Transit union under pressure across central Ontario

Showdown at Toronto Transit Commission seems inevitable

Three Amalgamated Transit Union (ATU) locals in and around Toronto find themselves in very different situations this weekend: one has ratified, one may go on strike and one may be seeing its right to strike evaporate.

In Guelph, 183 employees of Guelph Transit ratified an agreement by 60 per cent on January 30 and the city followed on February 7. The contract runs for three years from July 1, 2010 and provides 1.25 per cent in January and 1.5 per cent in July of 2011 and 2012, and a final 1.25 per cent in January of 2013. Modest improvements to benefits are also made.

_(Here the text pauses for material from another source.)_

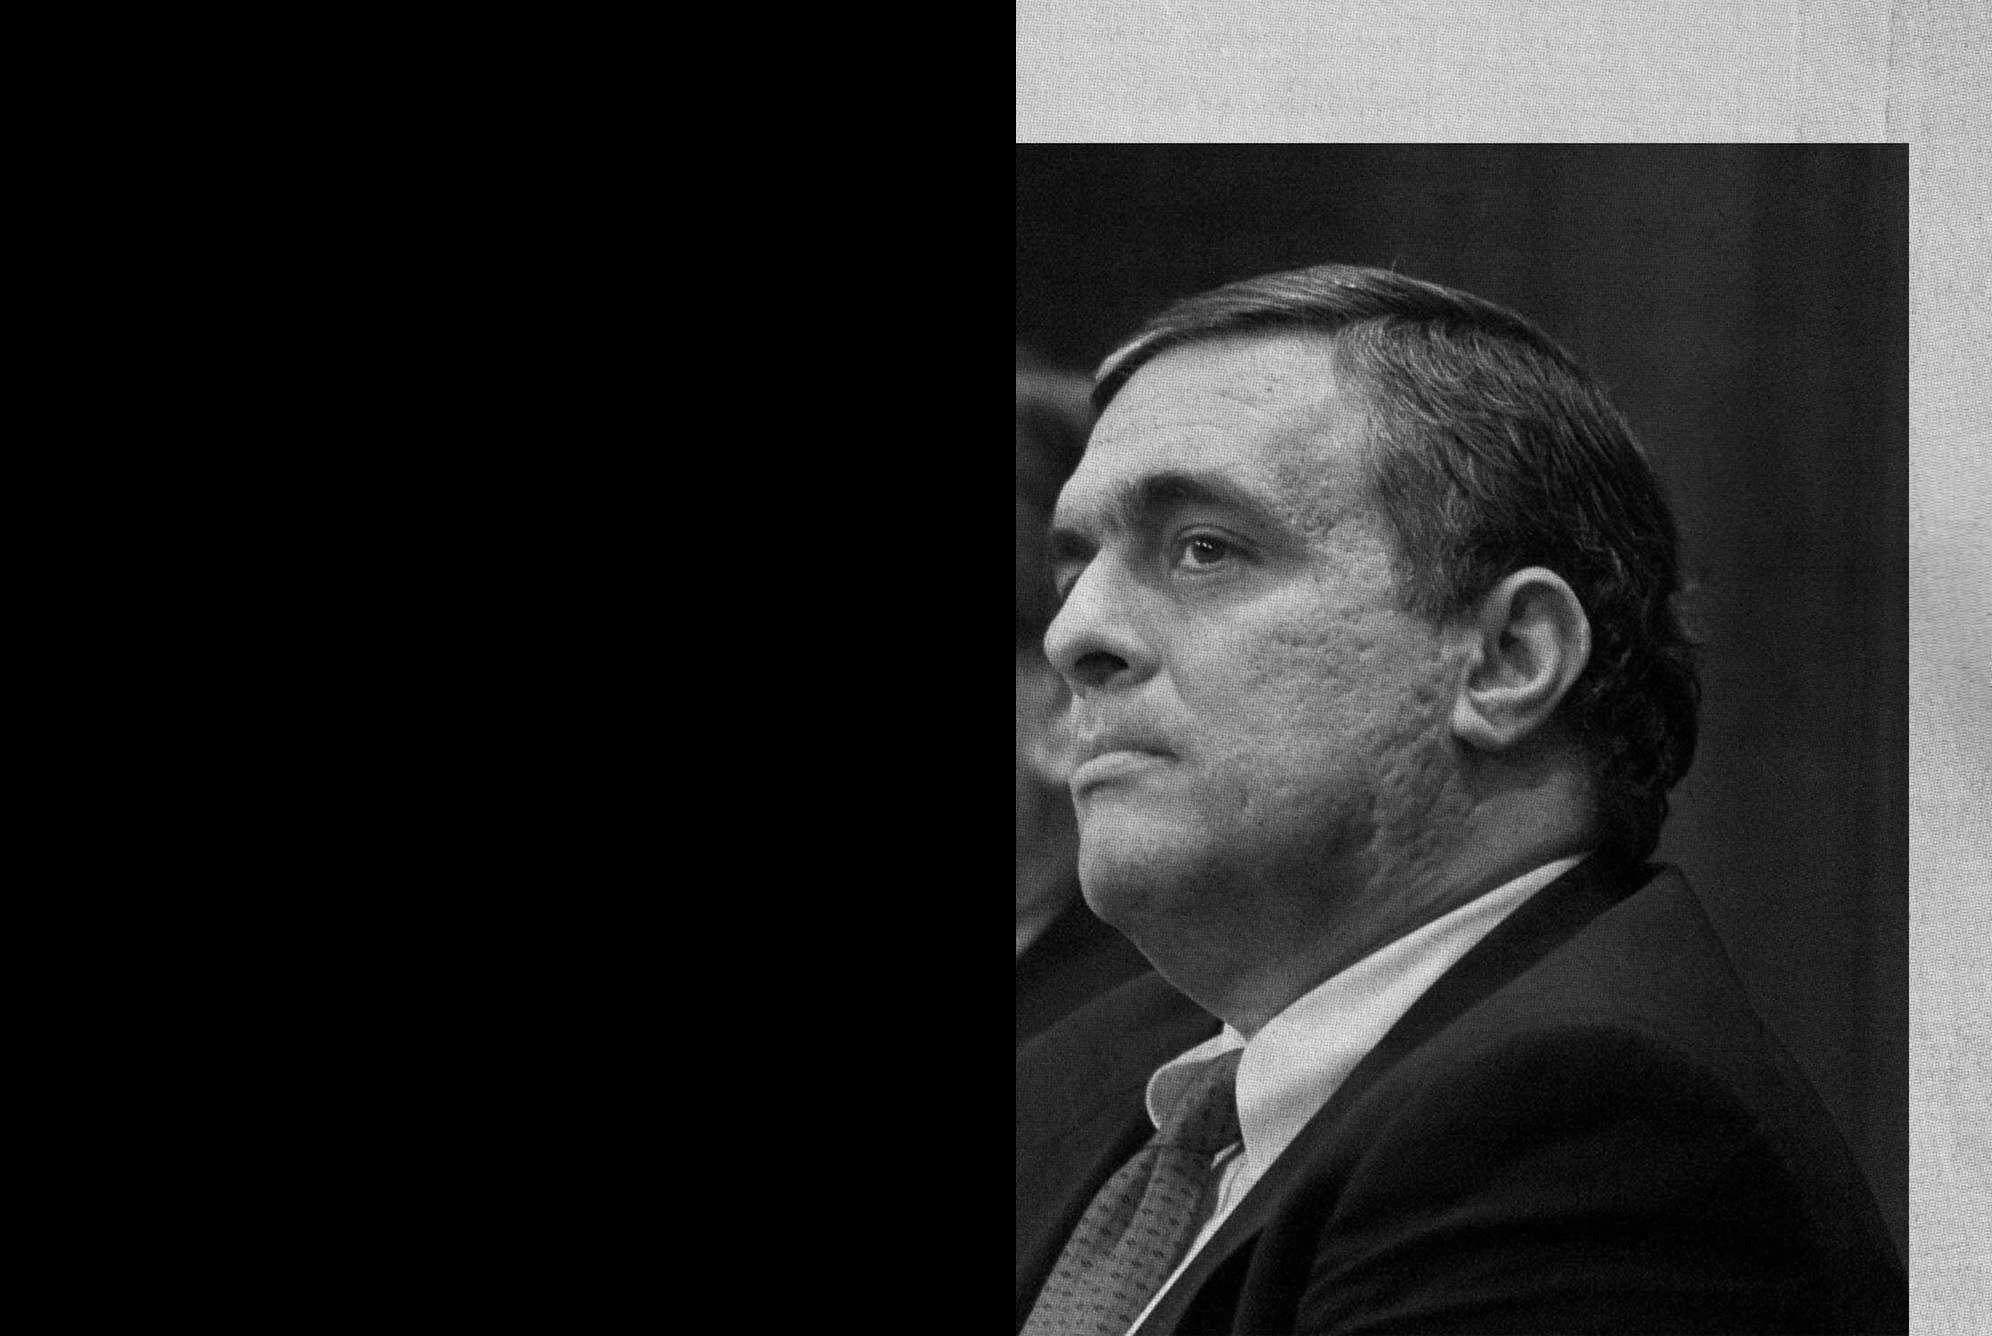 CIA Director George Tenet, right, accompanied by Attorney General John Ashcroft, looks on as FBI Director Louis Freeh, not shown, meets reporters at FBI headquarters in Washington Tuesday, Feb. 20, 2001 to discuss the arrest the FBI Agent Robert Philip Hanssen. (AP Photo/Rick Bowmer)

In York Region, 150 drivers have a Monday strike deadline against Veolia Transportation Services, which operates the local portion of the VIVA transit system. The union’s demands include wages, which they claim are up to 30 per cent less than in neighbouring regional transit systems, and sick days.

And, on February 10, the Toronto Transit Commission rejected the ATU’s no-strike offer for negotiations to renew a collective agreement expiring on March 31. Instead, the TTC is demanding that the union voluntarily give up its right to strike permanently.

A bill to declare the TTC an essential service could be introduced in the Legislature as soon as February 22. The ATU’s stated purpose in making the no-strike offer is to allow full debate on the bill, something they argue could not happen if it was forced through before the contract expiry.

ATU Local 113 president Bob Kinnear reacted to the move angrily, calling it “intentionally provocative.” “The City’s position is unreasonable in the extreme and they know it.”